Skyjack’s optional ELEVATE BMS (battery management system) targets the largest cost of ownership on electric scissor lifts, providing the operator with charging advice, and, Early says, “providing the rental company with the ability to manage the cost of battery replacement using accurate data. On electric machines, the state of health, battery life percentage and last charge date are shown.”
Jiarui Cao, an engineer for Zoomlion Heavy Industry Science & Technology Co., Changsha, China, says electric MEWPs maintain environmental advantages. At the same time, Cao says the electric drive system is easily upgraded.
“However, the construction machinery industry does not set general standards for battery charging function,” Cao says. “Since the rental market is complex and diverse, different charging conditions require different charging functions. The standard charging station is not flexible enough. Manufacturers are also actively looking for charging solutions.
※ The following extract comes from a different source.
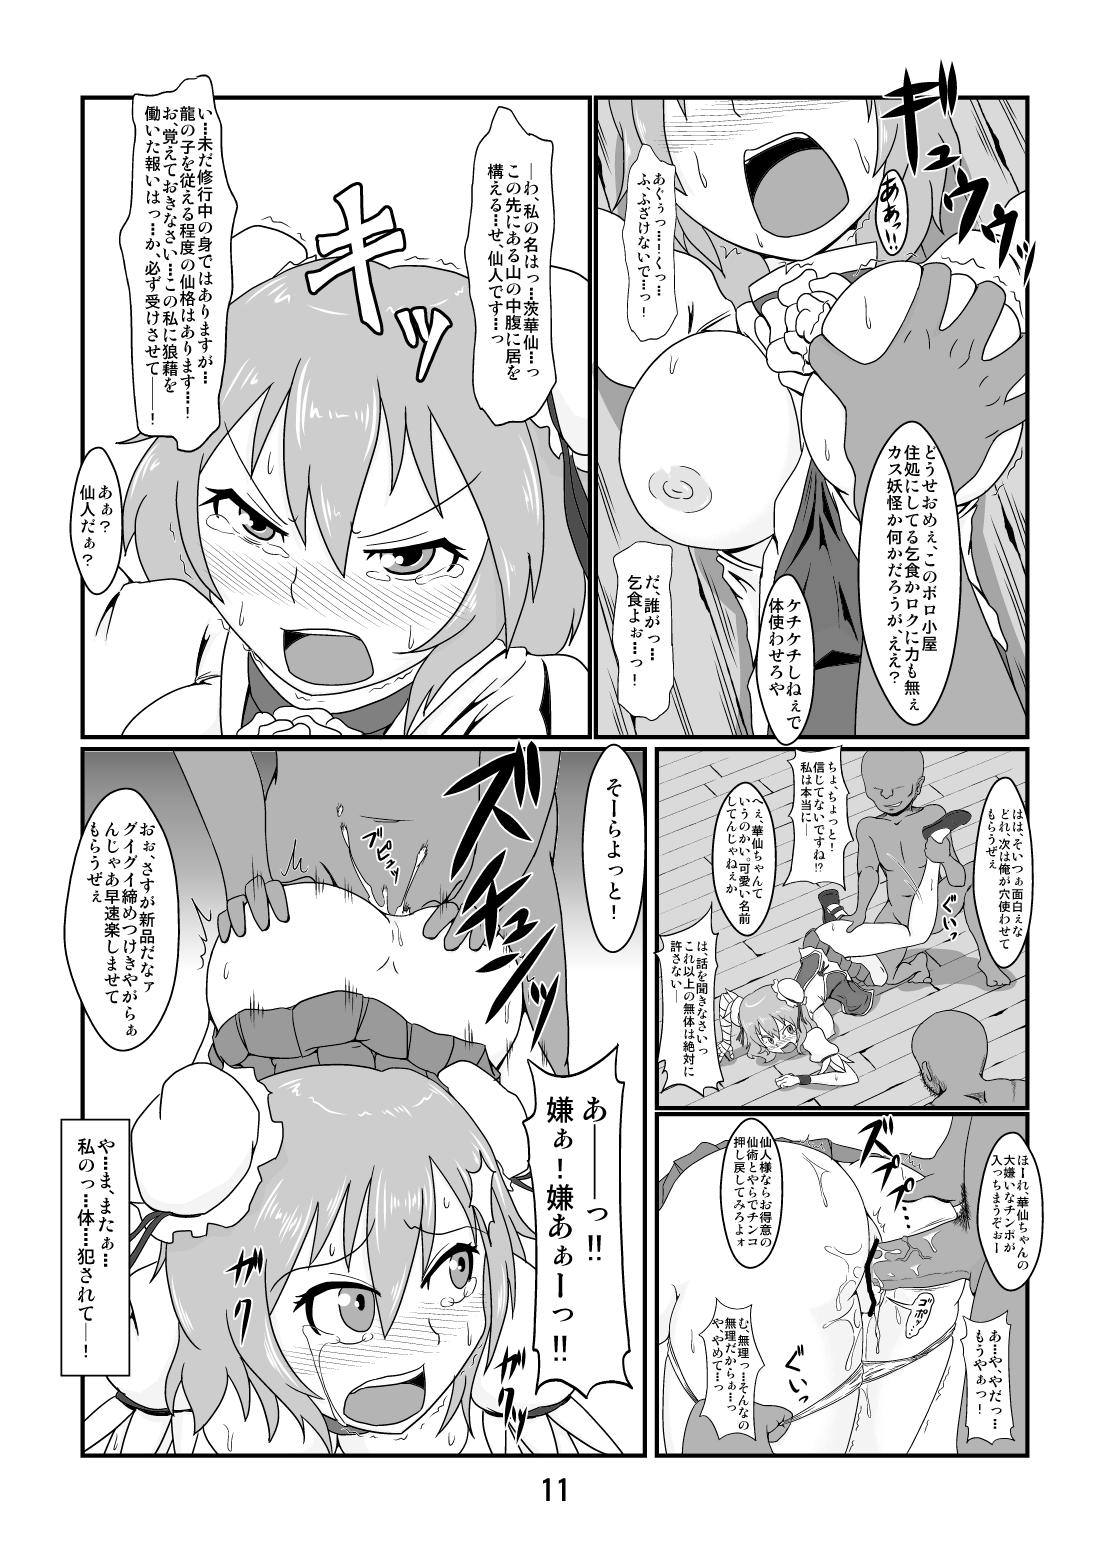 Tit 可哀想な華仙ちゃん - Touhou project Chunky - Page 10

Battery safety is especially important because of the complex construction environment.”
As for the future, Cao says diesel and gas engines are developing as well in the direction of green, efficiency and intelligence.
“They will remain the mainstream among all types of engines for a relatively long time into the future,” Cao says. “Also, continuously large power output is the biggest advantage of the internal combustion engine. Hybrid technologies are also the research direction in the future.”
Elvin believes that ultimately, as time allows, engines will be phased out. The timeline for this, he says, is dependent on the affordability and performance of the chosen replacement(s).
“Hybrid technology has been embraced as an interim solution, however in the construction sector, it is not uncommon for hybrid machines to be predominantly operated on the diesel engine, ultimately negating the emissions benefits,” Elvin says. “For this reason, hybrid construction equipment, including aerial lifts, are not permitted in some low or zero emission zones and green cities.”
Gilmor says as equipment gets larger and heavier, the onboard energy storage needs to increase.
“At this time, we have to look at other options besides full electric to deliver the power needed to ensure the performance that modern job sites demand,” Gilmor says. “With electric, in those cases, the technology isn’t quite there yet.”
Gilmor says as for new technologies on the horizon, ideas have been floated around for the future such as hydrogen for both engines and fuel cells.
“However, this is not yet developed enough for MEWP applications,” he says.